To import and install the Health Sentinel application in your own ServiceNow instance, follow these steps:

1. Make sure, your instance has at least the Xanadu release as I'm using the "Deny-Unless" ACL type.

2. Fork my GitHub repository using the instructions provided in the GitHub documentation.

   Tip: A clone is generally not required because tools like the ServiceNow Studio can connect to and work with remote repositories.

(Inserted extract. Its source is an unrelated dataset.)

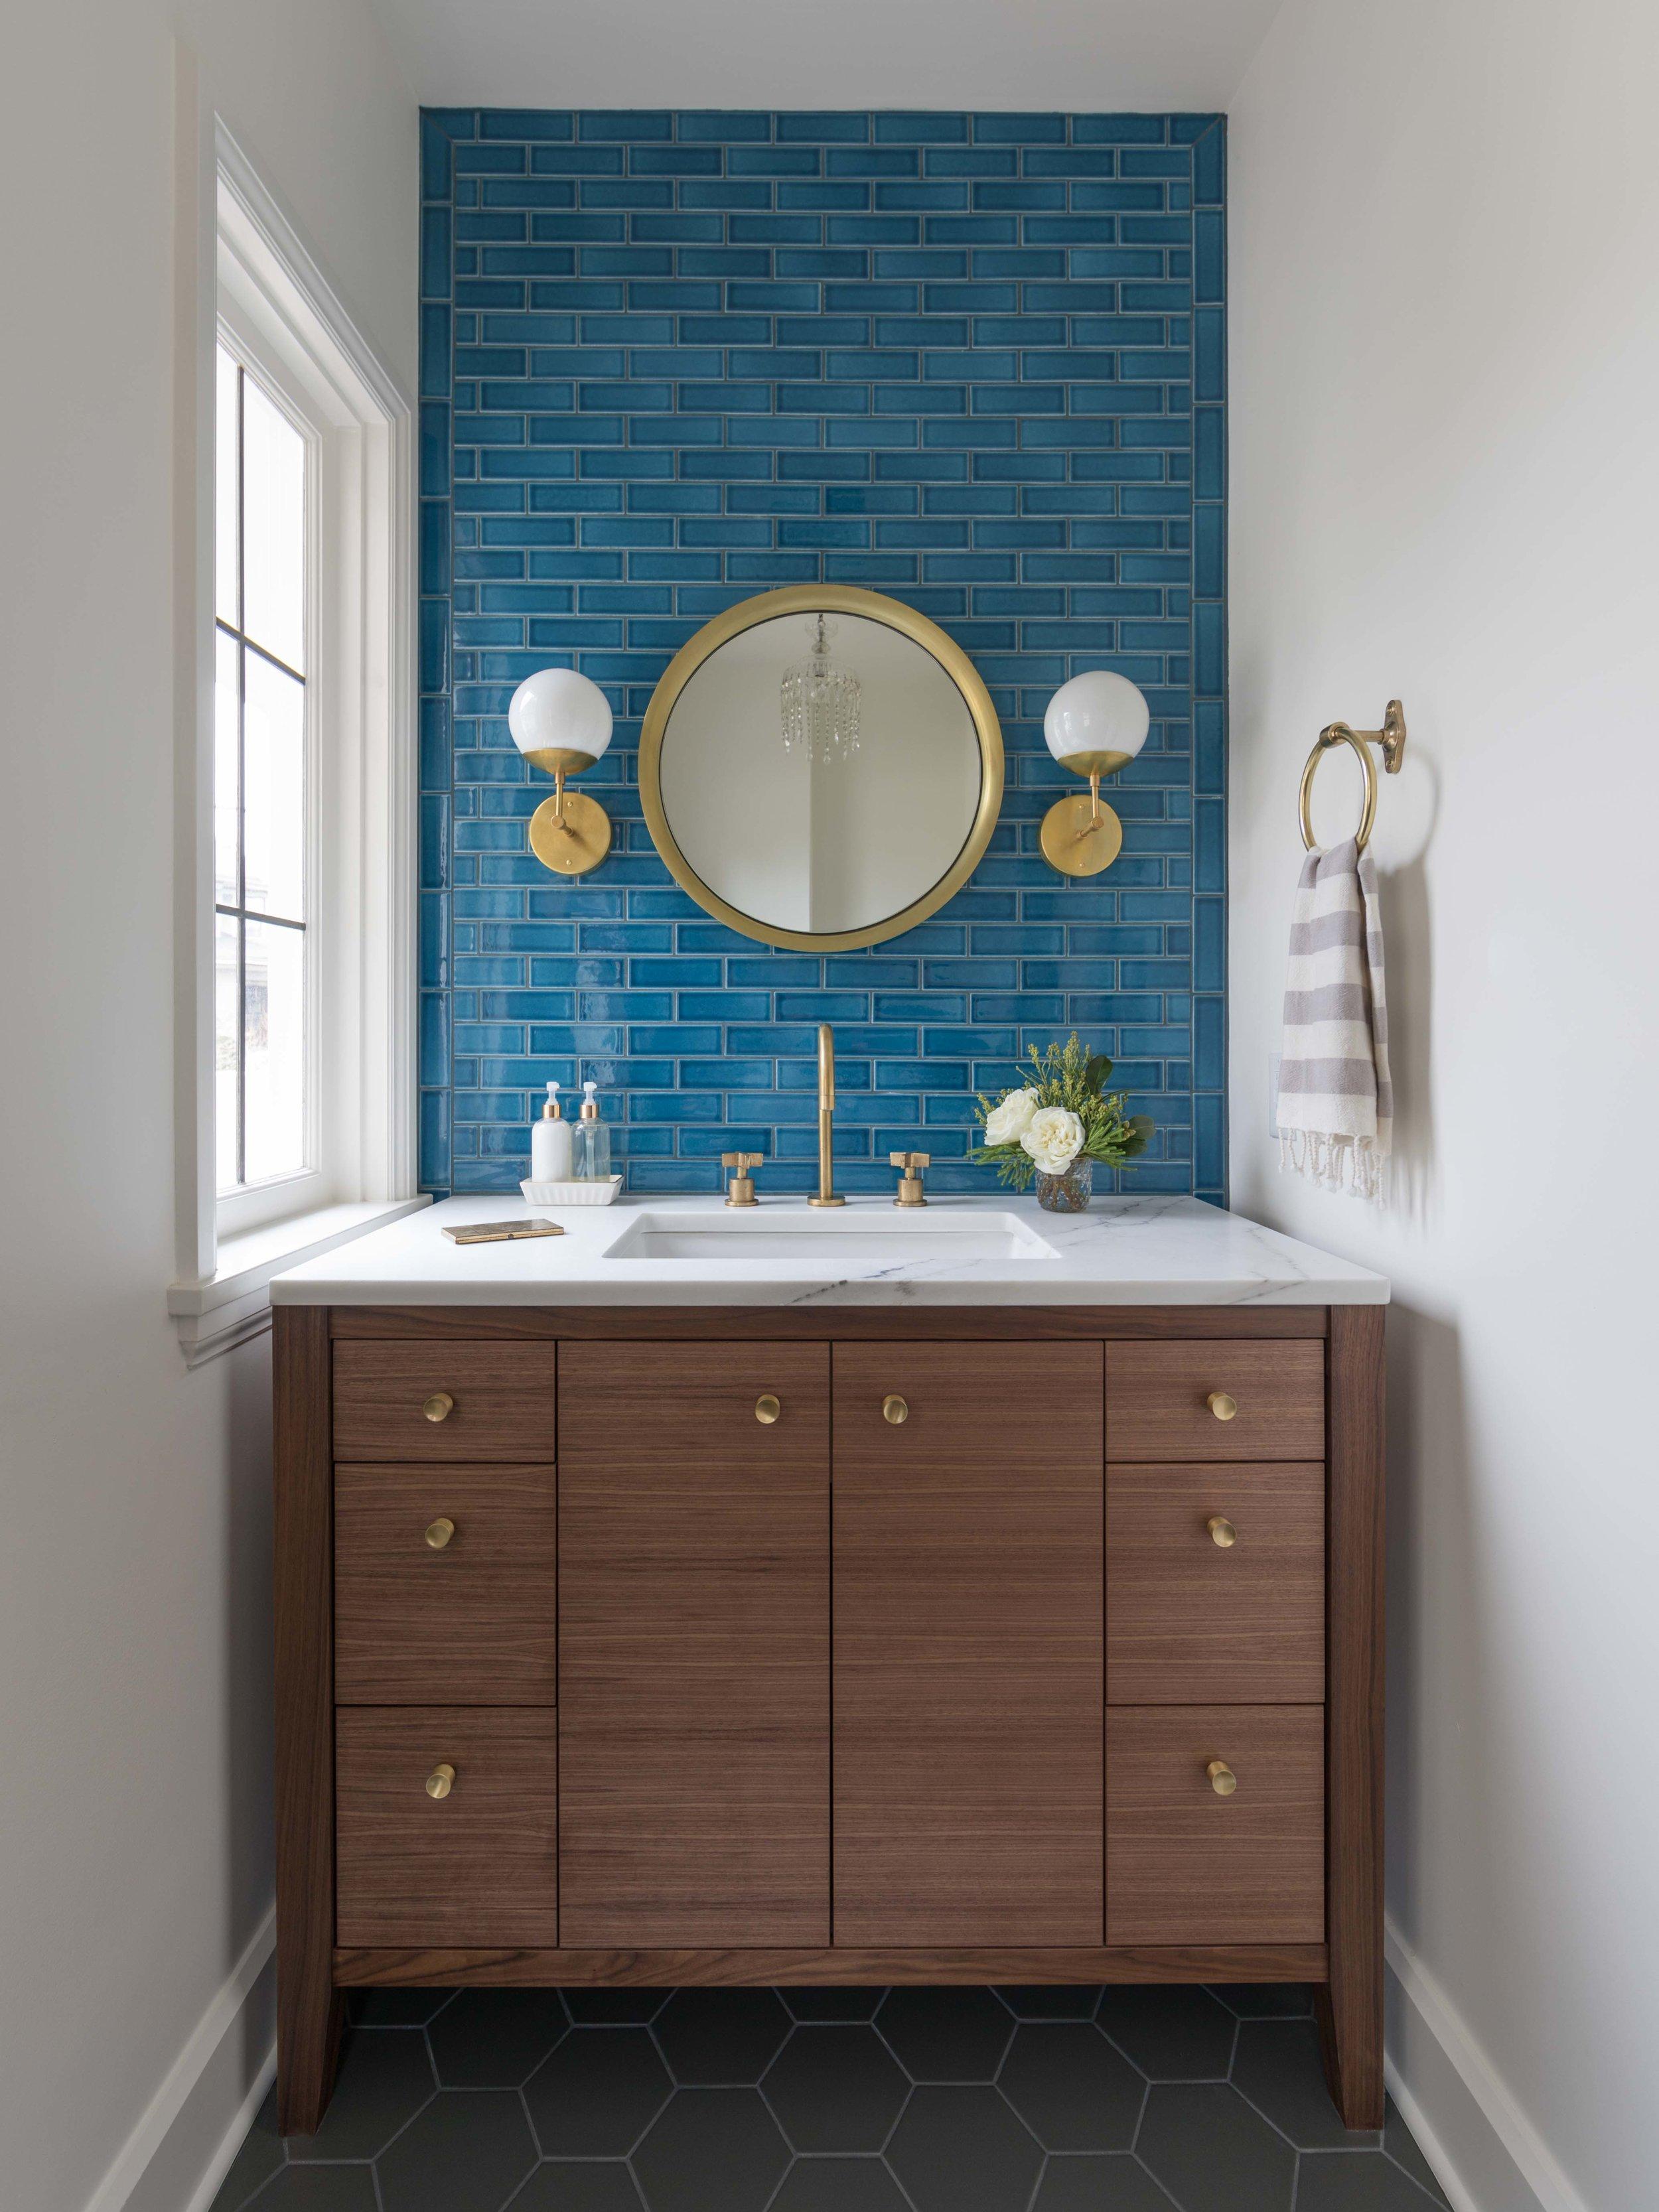 Small Bathroom with Blue Tile & Brass Details | Casework Interior Design | Portland, OR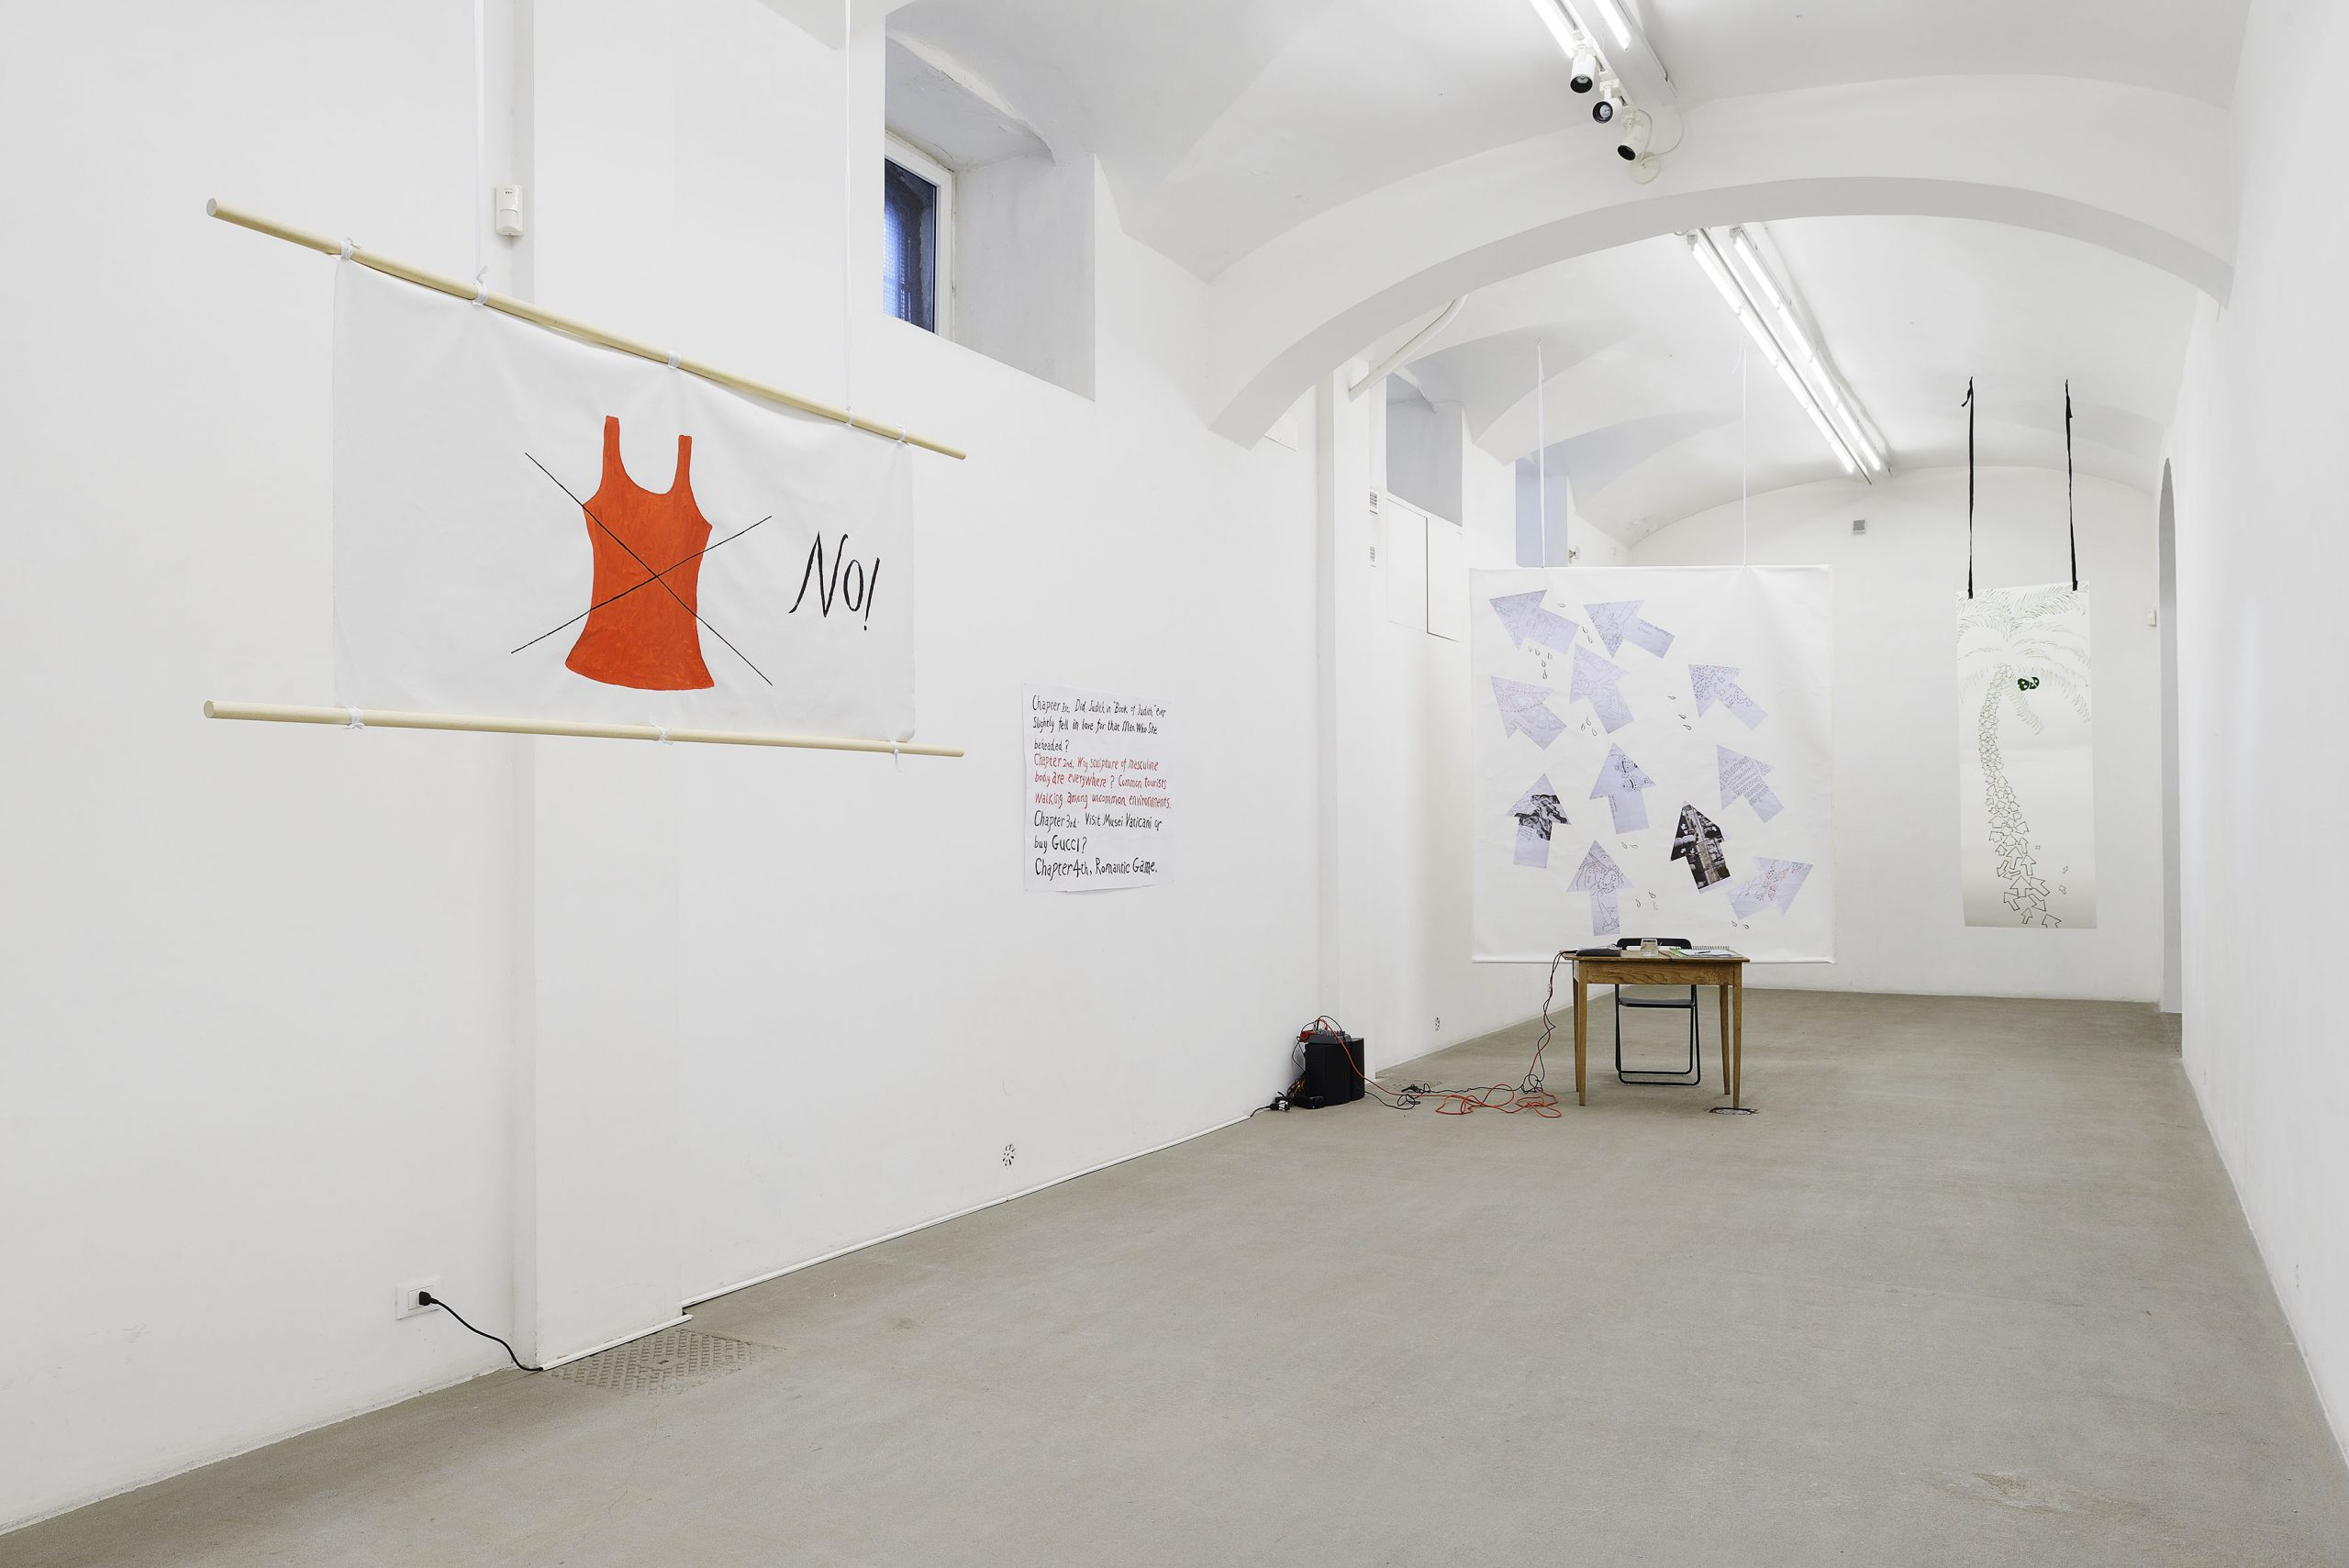 Evelyn Taocheng Wang Idle Chatter, Gossipy Rome, installation view presso Fondazione Giuliani, Roma, 2018  foto Roberto Apa

3. Link and import the forked repository into ServiceNow by following the instructions in a great article by Jesse.
   Hint: As the new ServiceNow Studio still has no Git capabilities you have to do perform all Git-based activities in the legacy Studio.

 

 

(2) Enable Users by Assigning the right Roles

 

After installing the application, you need to assign at least one of the two contained roles to users who should work with it. With having any of the application-specific roles, even users with the "admin" role will not be able to do anything.

 

The two roles differ in their capabilities as follows:

 

health_sentinel.user can create sensors from scratch or copies of OOTB sensors in any other application than "Health Sentinel" cannot modify or delete any of the existing application files or create new application files within the "Health Sentinel" application

health_sentinel.admin can create new sensors within the "Health Sentinel" application scope full access to the application's own files

 

 

(3) Create a Sensor

 

Now go to the sensors table (u_sensor) via navigationmodule Health Sentinel -> Sensors -> All Sensors.

 

Here you have two options:

1. create a new sensor from scratch or
2. copy one of the prebuilt sensors via "Insert and Stay" option.

 

In both situations, you should create the new sensor in any other application scope than "Health Sensor".  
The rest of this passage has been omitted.